Even more worrisome, Chinese visitors are flooding to Taiwan. Last year alone, more than 1 million were roaming the nation with almost no restrictions. Some of the visitors are believed to be saboteurs — highly trained People’s Liberation Army members. Even if the number is less than 1 percent, the potential damage they could do is horrifying. The agents, when the time comes, could mercilessly slaughter local leaders.

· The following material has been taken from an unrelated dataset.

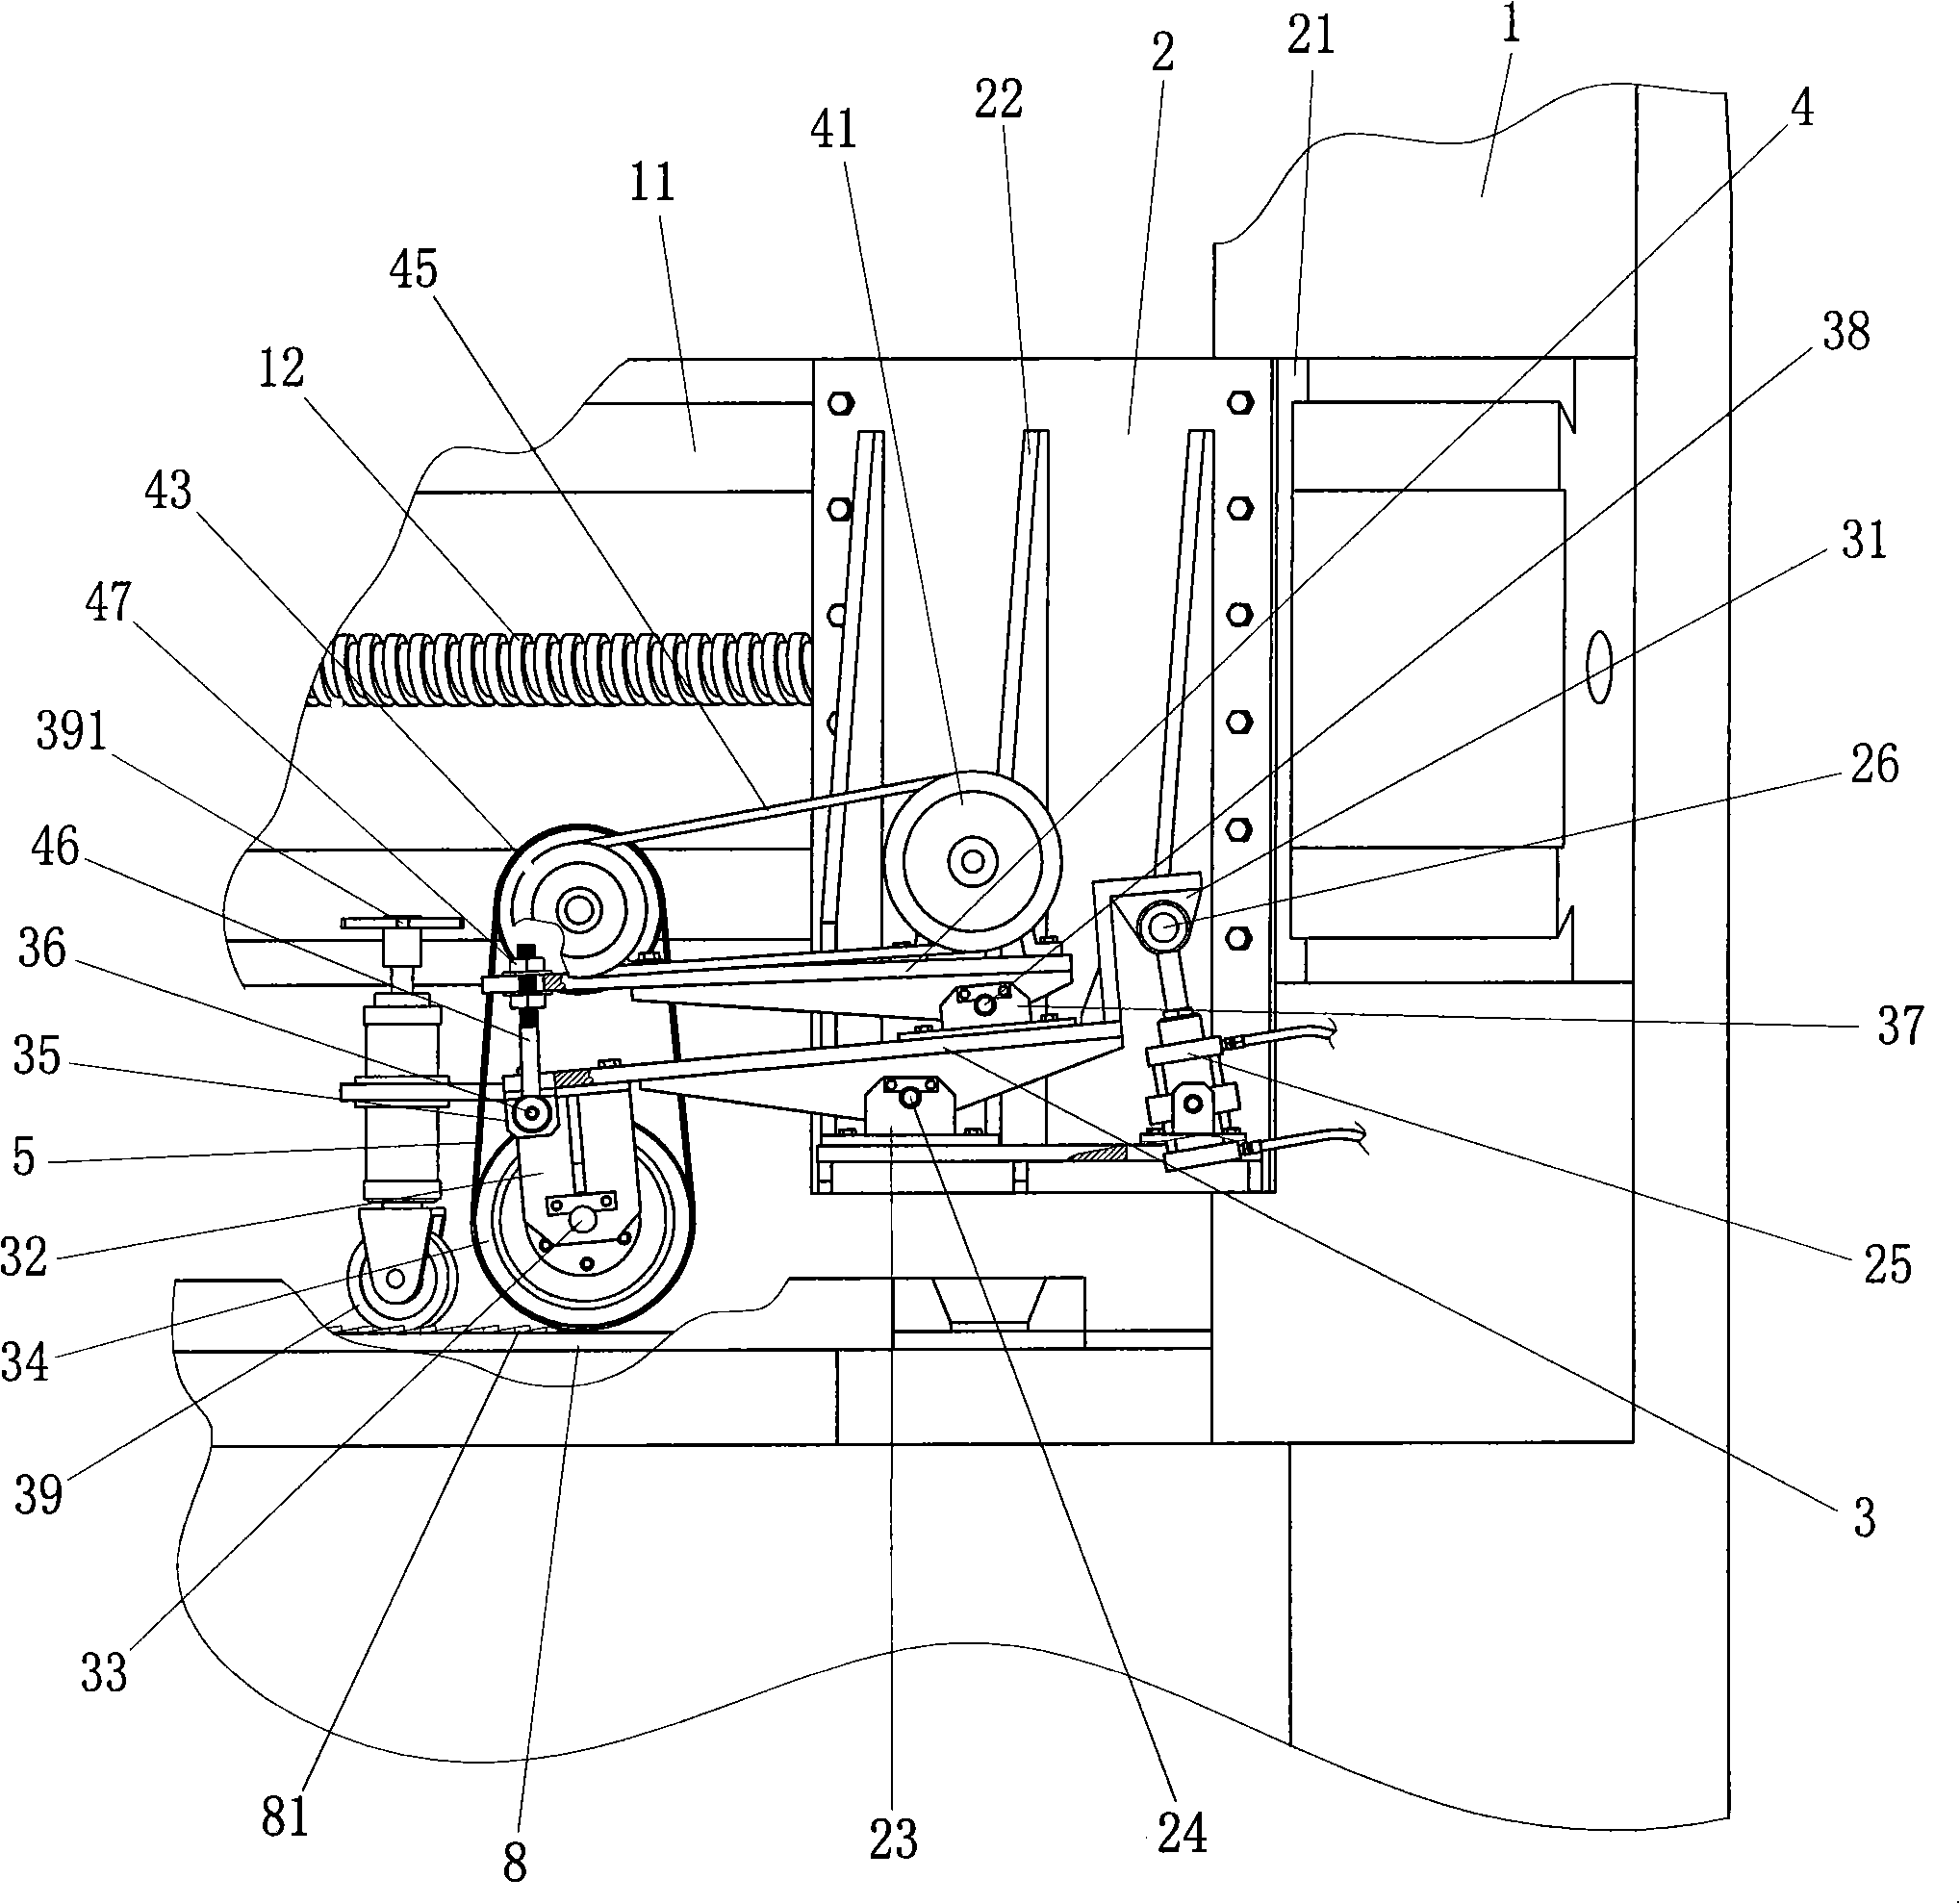 Butt-welding weld joint automatic coping device

In the past few years, classified information about the nation’s weapon depots has most likely been compromised. In addition, a significant number of businesspeople and politicians are willing to trade Taiwan’s security for financial gain. Some retired high-ranking military officers have openly committed treason in word and deed by siding with Beijing on ceremonial occasions. Worse yet, such traitorous acts seem to be sanctioned and encouraged by the Chinese Nationalist Party (KMT). A disloyal defense does not need a subversive intrusion to fail.
Against these dark forces, civilian sectors seem utterly unprepared to defend the nation. Most Taiwanese are not trained to operate the simplest of firearms, let alone semiautomatic or fully automatic guns.
Taiwanese tend to be more docile and timid when it comes to a showdown. A lack of strong core values and, if the values arise, resolve to vehemently express and defend them is true of individuals and leaders. People who instinctively submit condemn themselves to eternal slavery. This is a lesson nobody should learn by experience.
Beside the internal factors, the international environment does not look helpful. The US has its hands full dealing with events in the Middle East, north Africa, Ukraine and North Korea. US President Barack Obama’s worldview places Taiwan at best at the bottom of his agenda.
The situation is not likely to improve next year when the Republican and Democratic parties are set to engage in a fierce fight for the White House. With such high stakes on the table, neither side would spare any time for Taiwan. Given such an attention deficiency, Beijing will certainly take any opportunity it can.
Similarly, next year, Taiwan will be in an awkward position with a new leader elected five months before the current one leaves office in May.
A weakened US, a bellicose Russia, an unpredictable North Korea, a burning Ukraine, a chaotic Middle East, a nationalistic Beijing and a Taiwan infested by hostile agents, foreign and domestic, would be a perfect storm, one that forecasters should be expecting to make landfall.
Kengchi Goah is a senior research fellow at the Taiwan Public Policy Council in the US.